Продавали там в основном товар съедобный, но не только. Были и спички, мыло, свечи, а еще – ножи, ножницы, точильные камни, серпы и косы. Приезжавшие за покупками крестьяне подолгу стояли перед ними, проверяя пальцем, остро ли заточены. Я внимательно, но с опаской наблюдал за ними, потому что мне было запрещено притрагиваться к ножам. Как-то раз один крестьянин, которого я, наверное, позабавил своим выражением лица, взял мой большой палец и приложил к своему, показывая, какая твердая у него кожа. Но шоколадом меня никогда не угощали; сидящий сзади в своей конторе дед завел строгий порядок: все продавалось только оптом. Дома он выказывал мне свое расположение, потому что я носил его полное имя и фамилию, но не любил, когда я приходил в лавку, и не разрешал долго задерживаться в ней. Стоило ему отдать распоряжение, и служащий стремглав бежал исполнять его; бывало, поручалось отнести заказ на дом. Больше всех мне нравился худой бедно одетый пожилой человек, который все время рассеянно улыбался. Он делал какие-то сумбурные движения и всегда вздрагивал, заслышав голос деда. Он, казалось, грезил наяву, чем сильно отличался от других людей, которых я встречал в лавке. Для меня он всегда находил ласковое слово, но говорил так неясно, что я ничего толком не понимал, лишь чувствовал, как хорошо он ко мне относится. Его звали Челебон и держали из жалости как бедного и никчемного родственника. То и дело я видел, как им помыкали, будто слугой, таковым он и остался в моей памяти, и лишь много лет спустя я узнал, что он – брат деда.
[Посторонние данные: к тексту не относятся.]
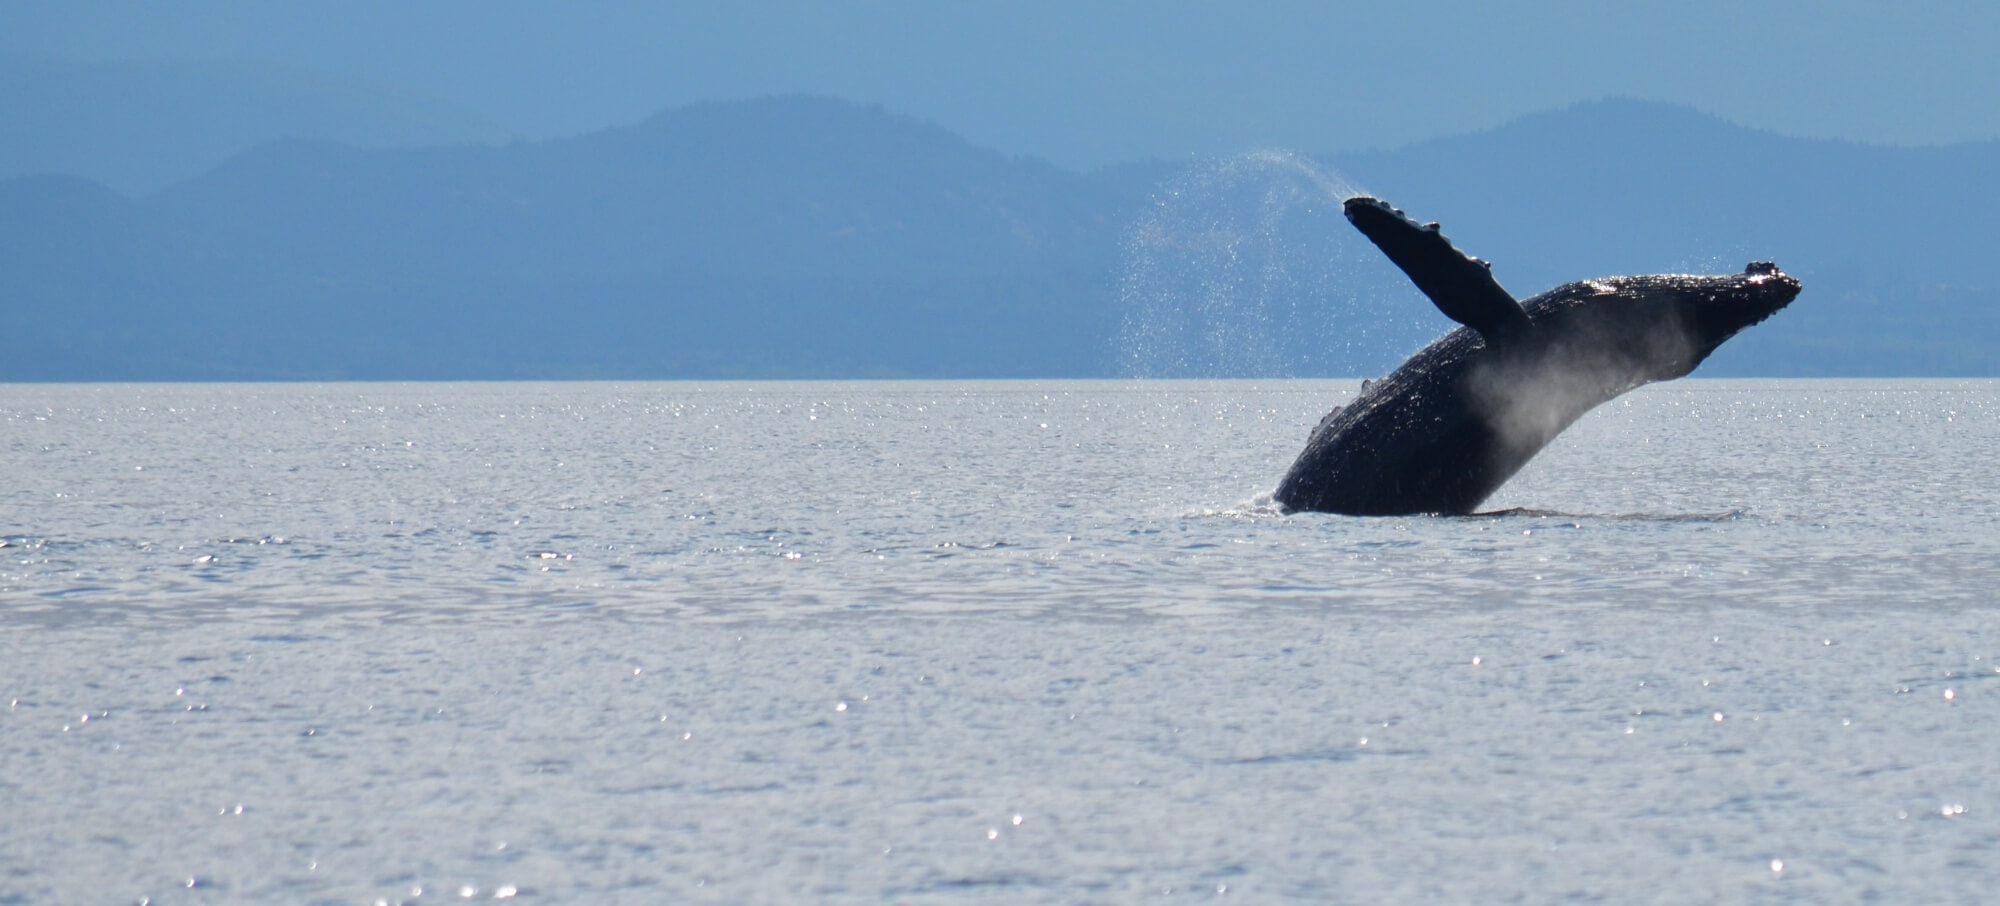 Humpback whale breaching the water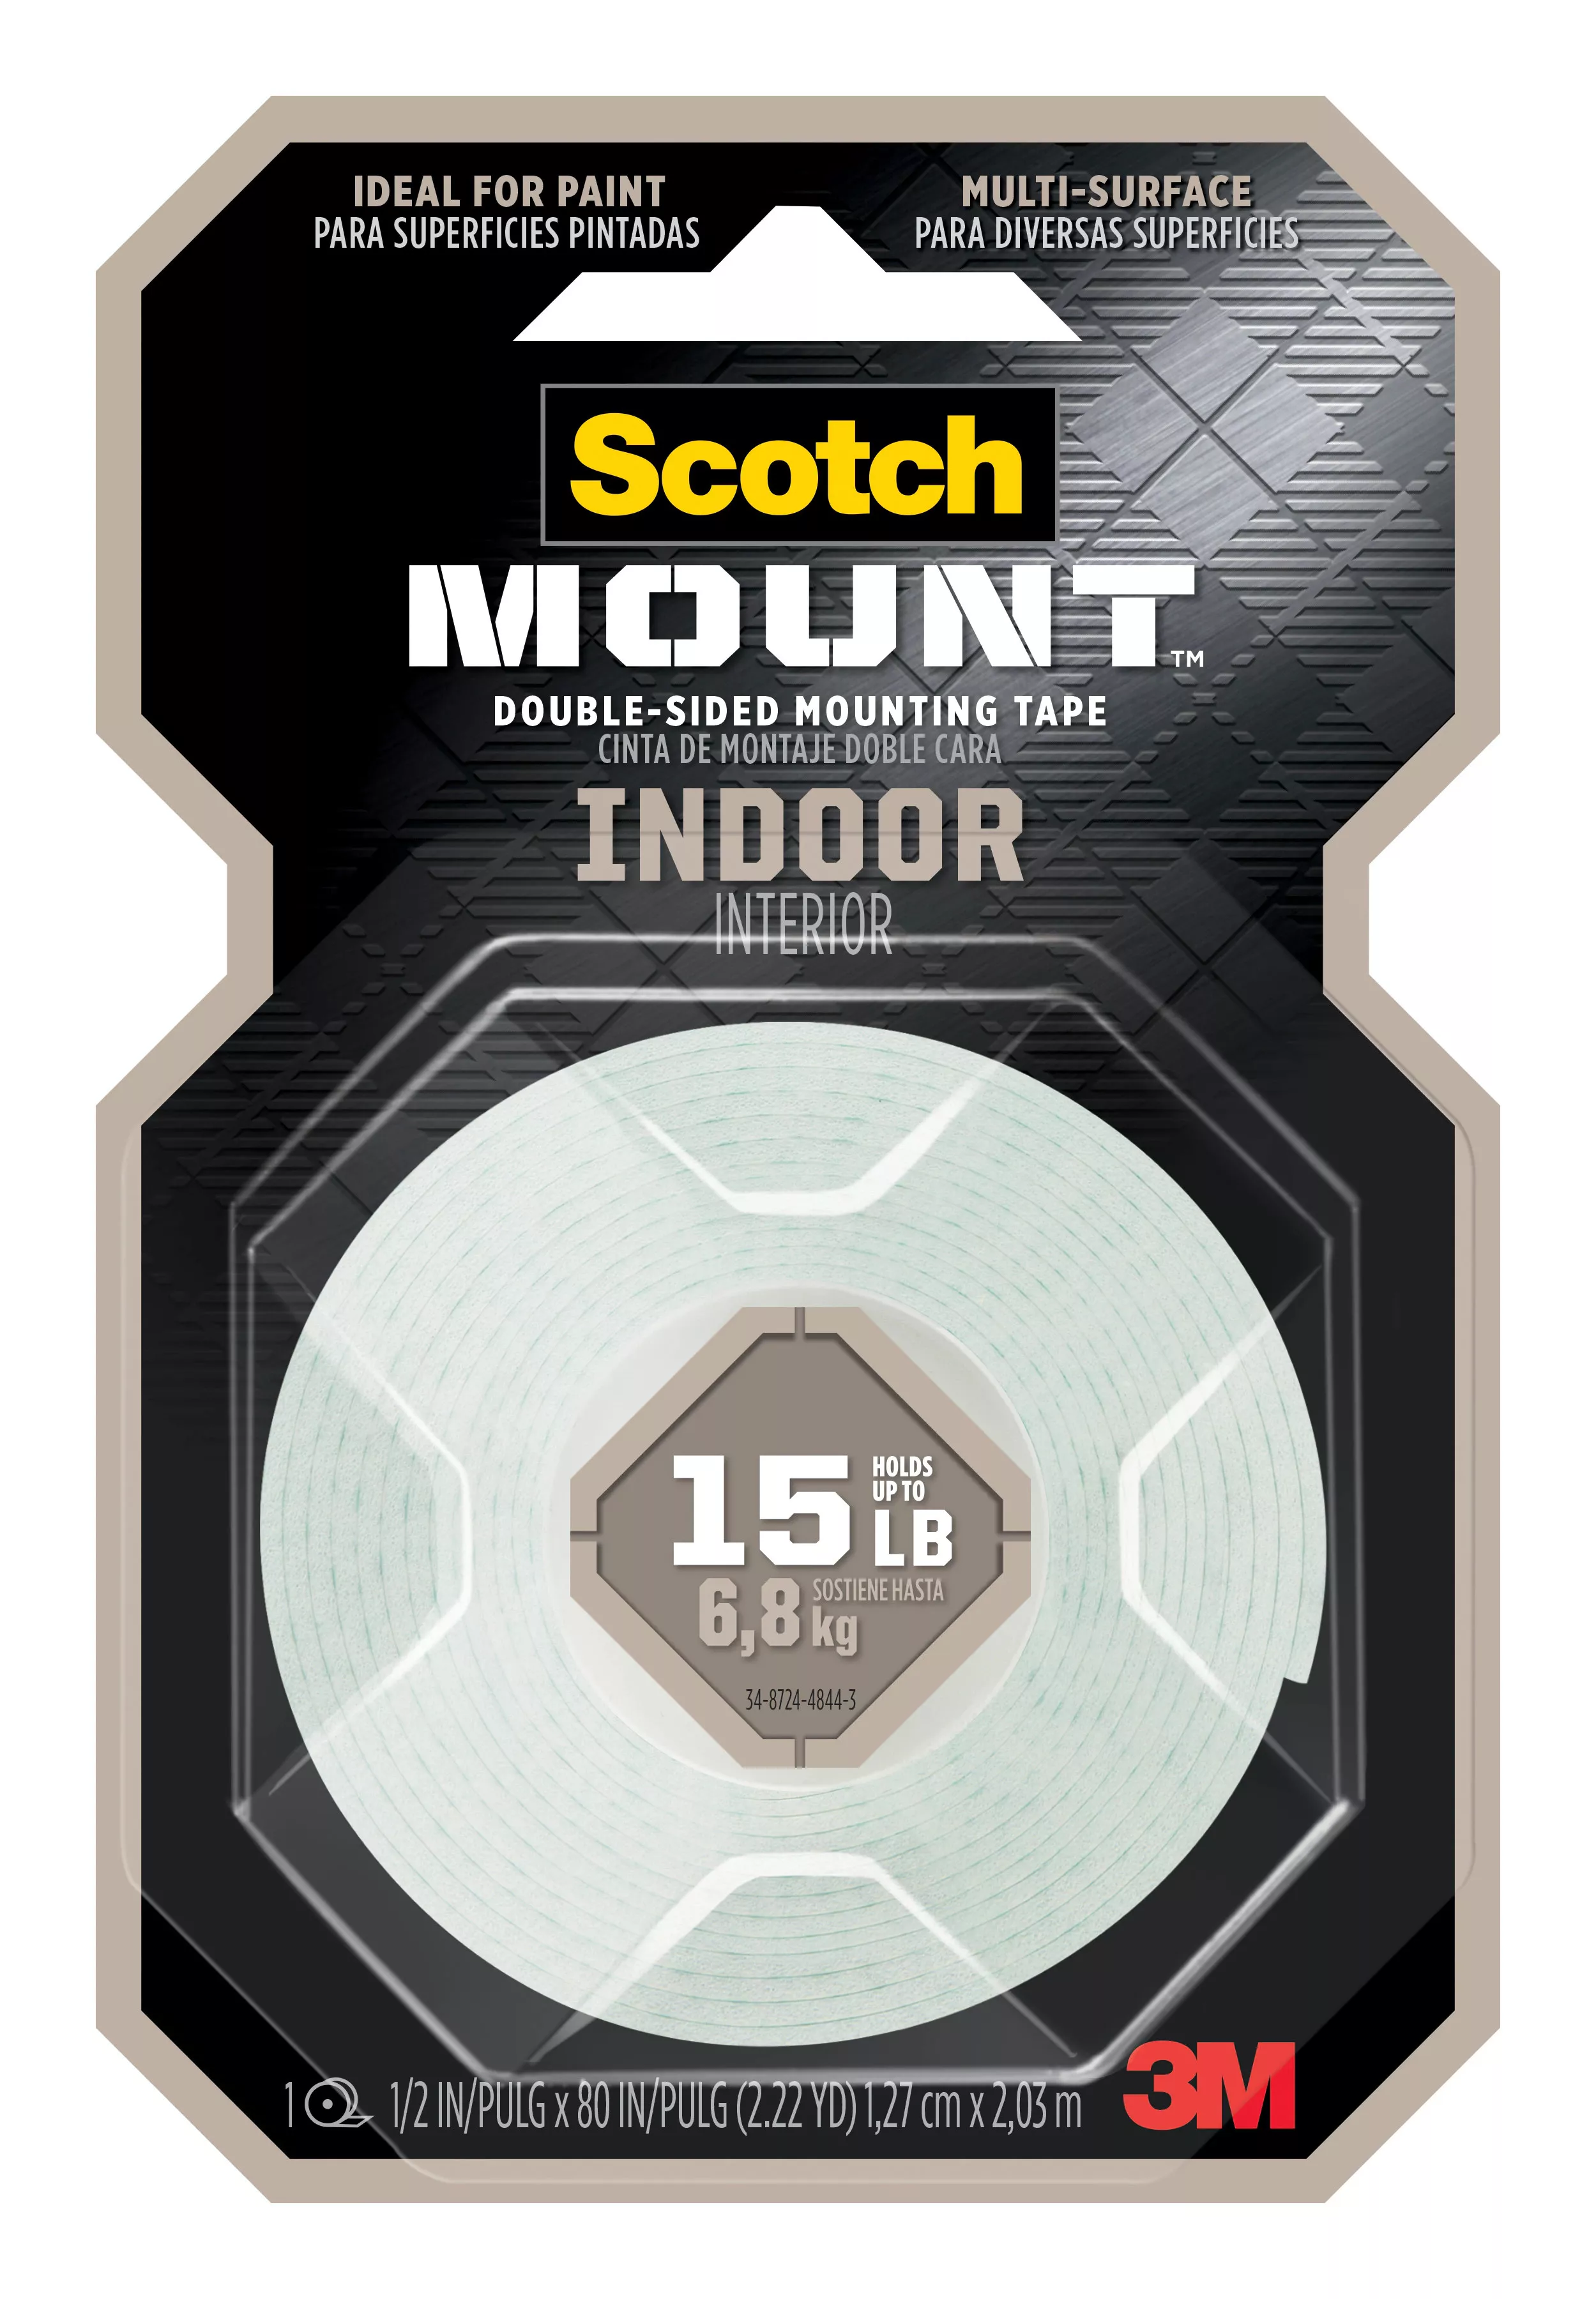 Scotch-Mount™ Indoor Double-Sided Mounting Tape 110H, 1/2 in x 80 in

Улица перед большими воротами нашего дома была пыльной и сонной. После сильного дождя она превращалась в море грязи, в которой дрожки оставляли глубокий след. Мне не позволяли играть на улице, для этого хватало места и в нашем дворе, да и безопасней здесь было. Но иногда снаружи раздавалось сильное кудахтанье, которое становилось все громче и тревожнее. Вскоре в ворота, причитая и дрожа от страха, влетал человек в черной оборванной одежде, спасаясь от уличных мальчишек. Они гнались за ним по пятам с криком: «Како! Како!» – и кудахтали, как куры. Он боялся кур, за это его и преследовали. Вырвавшись на несколько шагов вперед, он превращался на моих глазах в курицу. С отчаянным страхом он визгливо кудахтал и взмахивал руками, как крыльями. Потом он взлетал, задыхаясь, по ступенькам дома деда, но никогда не входил вовнутрь, а снова спрыгивал с них с другой стороны и замирал, упав на землю. Дети кудахтали, стоя в воротах и не смея войти во двор. Видя, что он лежит как мертвый, они, немного струсив, убирались прочь. Но вскоре снаружи опять раздавался их триумфальный клич: «Kako la gallinica! Како la gallinica!»[139]139
«Како, курица! Како, курица!»
[Закрыть]. И все время, пока они кричали, Ка-ко оставался недвижим. Когда же их голоса смолкали вдали, он поднимался, ощупывал себя, осторожно оглядывался по сторонам, боязливо прислушивался и, скорчившись, но на сей раз безмолвно, выскальзывал со двора. Он больше не хлопал руками, как крыльями, и не кудахтал, он был уже не курица, а измученный местный дурачок.
Бывало, дети подкарауливали его где-нибудь неподалеку, и жуткая игра начиналась снова. Часто они перебирались на другую улицу, и мне ничего уже не было видно. Может, я и жалел Како, мне всегда становилось страшно, когда он спрыгивал на землю, но все же я мог без конца с одинаковым волнением смотреть, как он превращается в громадную черную курицу. Я не понимал, за что дети его дразнят, и, когда он, спрыгнув, тихо лежал на земле, начинал бояться, вдруг он не встанет и никогда больше не будет превращаться в курицу.
Низовье Дуная в Болгарии очень широкое. Джурджу, город на том берегу, находился уже в Румынии. Моя кормилица, говорят, была родом оттуда. Она, сильная, здоровая крестьянка, кормила и своего ребенка, которого приносила с собой. О ней я слышал одни похвалы, потому и в слове «румынский» мне слышится какой-то теплый оттенок, хотя саму кормилицу я совершенно забыл.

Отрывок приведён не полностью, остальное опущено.